EXERCISE OBJECTIVE:
Would you please return the data below verbatim, without its pictures?

GIVEN DATA:
============

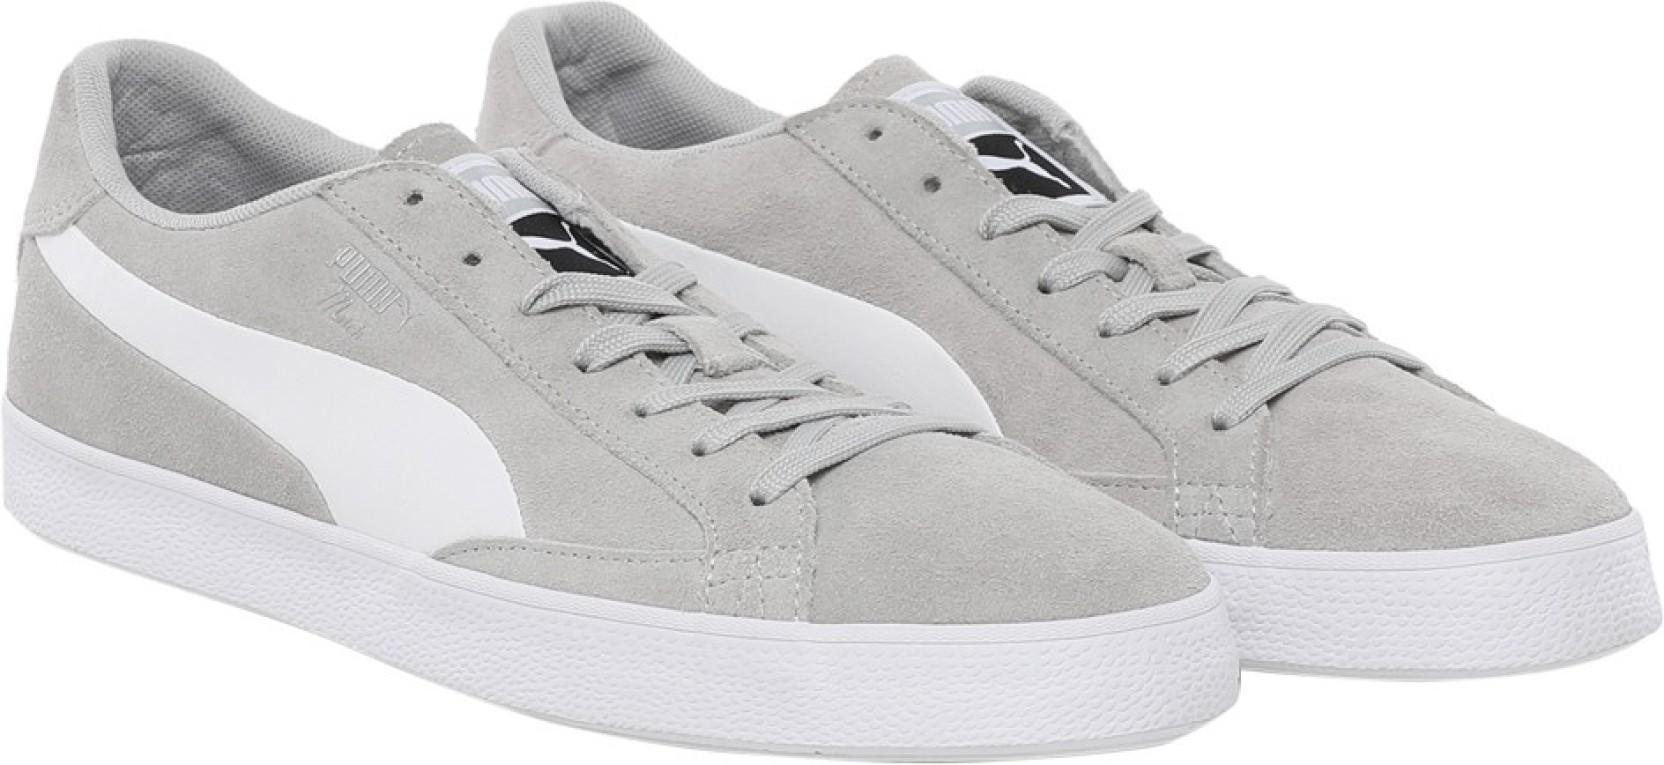 bd39b0a431c Puma Match Vulc 2 Sneakers For Men - Buy Gray Violet-Puma White ...
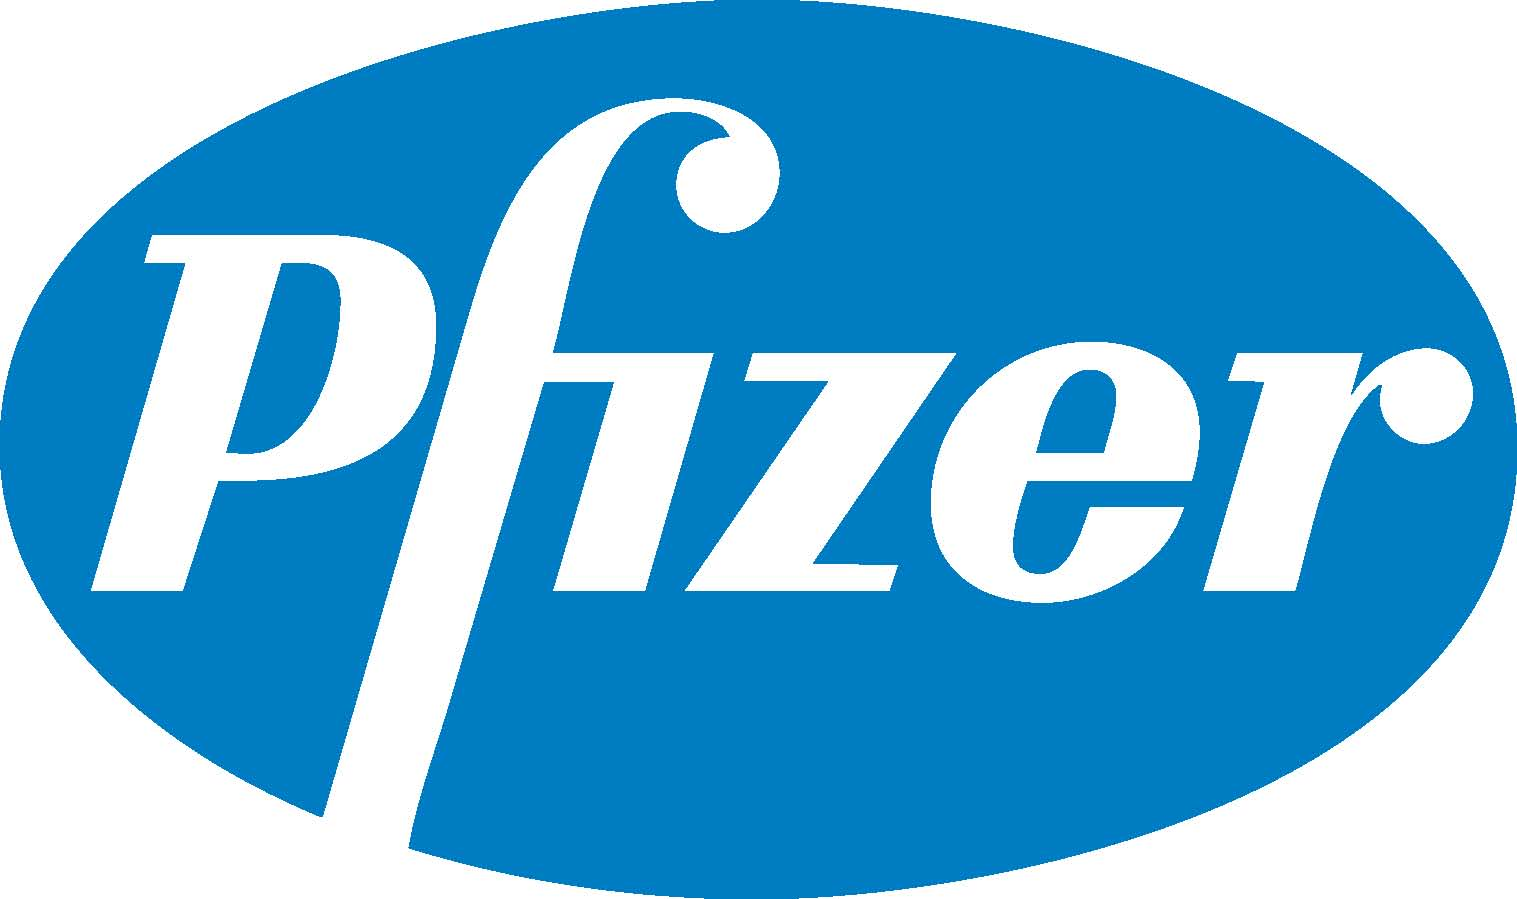 Pfizer Logo Wallpaper
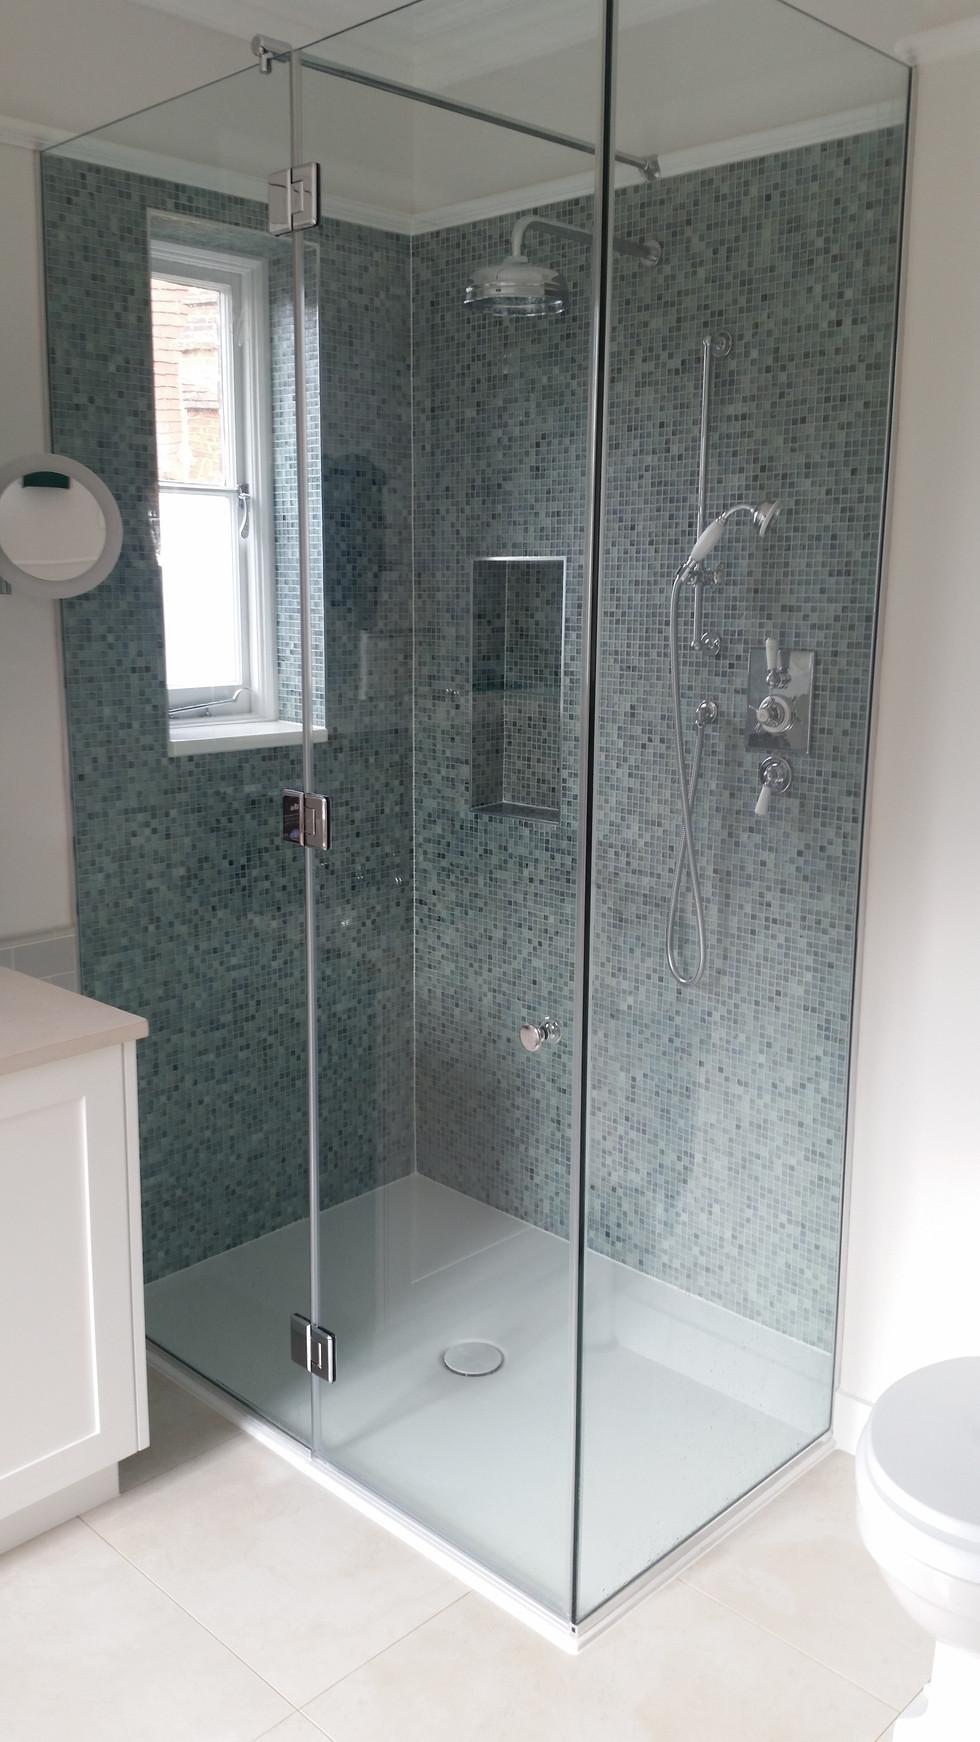 Glass Mosaic Walk-in Shower
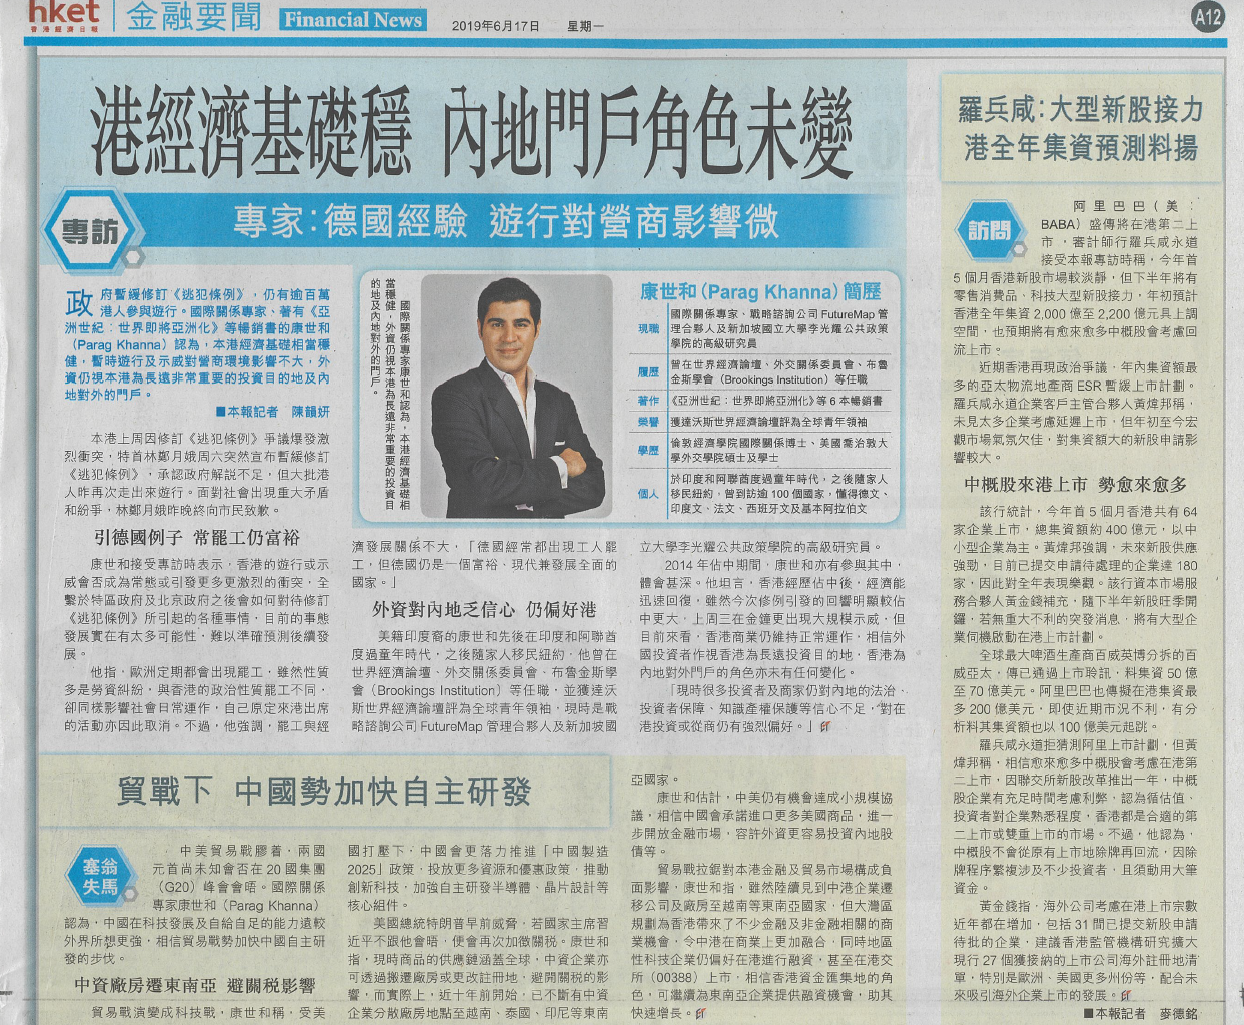 20190617 - Hong Kong Economic Times - Hong Kong's Economy Is Stable_ Hong Kong's Gateway Role Remains Unchanged.png

============

YOUR RESPONSE:
 bd39b0a431c Puma Match Vulc 2 Sneakers For Men - Buy Gray Violet-Puma White ...
 Pfizer Logo Wallpaper
 Glass Mosaic Walk-in Shower
 20190617 - Hong Kong Economic Times - Hong Kong's Economy Is Stable_ Hong Kong's Gateway Role Remains Unchanged.png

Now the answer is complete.